3. Ablauf des Verfahrens eAU allgemein

Die Daten der eAU werden elektronisch an die Krankenkassen übermittelt. Die Übermittlung erfolgt über das registrierte und in EPIKUR eingerichtete KIM-Postfach. Da Krankenkassen ab dem 01.01.2023 dazu verpflichtet sind, den Arbeitgebern die AU-Informationen elektronisch zur Verfügung zu stellen, müssen Sie die Papierausfertigung für den Arbeitgeber nicht mehr ausdrucken. EPIKUR informiert Sie bei der Erstellung einer eAU über diesen Sachverhalt.



Somit muss lediglich die Papierausfertigung für den Patienten ausgehändigt werden. Bei der eAU-Erstellung können Sie über die Checkboxen „Arbeitgeber“, „Krankenkasse“ und „Versicherten“ festlegen, welche Papierausfertigungen gedruckt werden sollen.



Für die Ausdrucke wird nicht mehr das Muster 1 verwendet. Hierfür wurden von der KBV eigene Stylesheets veröffentlicht, welche die Darstellung des Ausdrucks verbindlich festlegen.

Das Papier- und auch das Blankoformular werden durch diese Ausdrucke ersetzt. Für den Druck soll weißes Papier in A5 oder A4 verwendet werden. Die Formulare sind für A5 optimiert.


4. Berechtigung zum Aktenzugriff

4.1 Einrichtung

Damit die eAU Funktionalitäten genutzt werden können, muss den Nutzern das eAU-Modul im Administrator zugeordnet werden. Details siehe 2. Voraussetzungen.

4.2 Ausstellung von elektronischen Arbeitsunfähigkeitsbescheinigungen (eAU)

Die Ausstellung von Arbeitsunfähigkeitsbescheinigungen erfolgt wie gewohnt über die Patientenakte.
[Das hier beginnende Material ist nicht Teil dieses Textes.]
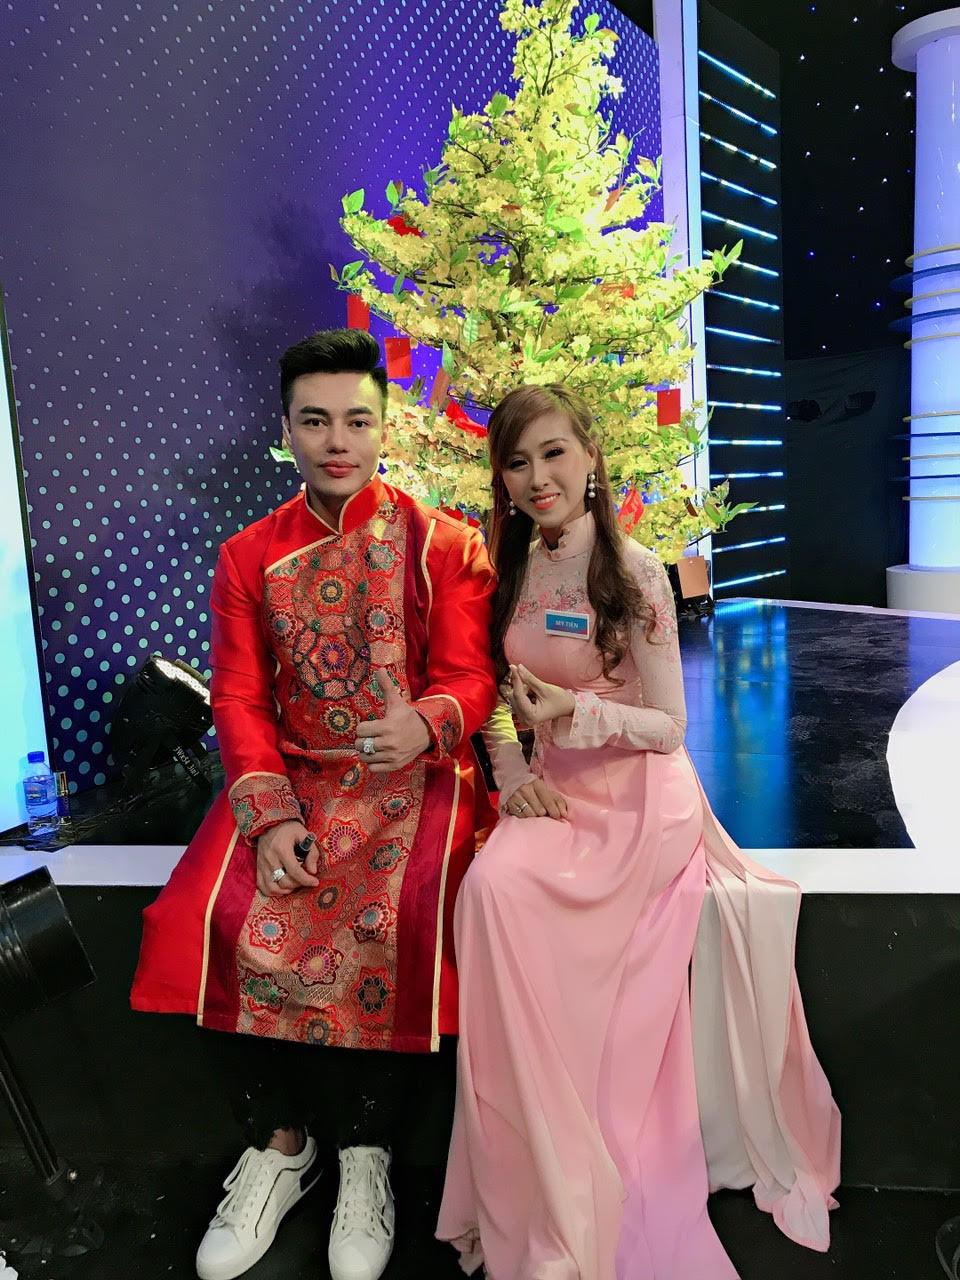 """Ca sĩ Mỹ Tiên chiến thắng đầy thuyết phục trong chương trình """"Gương mặt vàng"""" tập 7 - Ảnh 3."""

Wird eine Arbeitsunfähigkeitsbescheinigung erstellt, prüft EPIKUR im Hintergrund automatisch, ob die Krankenkasse des Versicherten elektronische Arbeitsunfähigkeitsbescheinigungen empfangen kann.

Erkennt EPIKUR, dass die Krankenkasse des Versicherten noch nicht empfangsbereit ist, teilt EPIKUR das über einen entsprechenden Hinweis mit.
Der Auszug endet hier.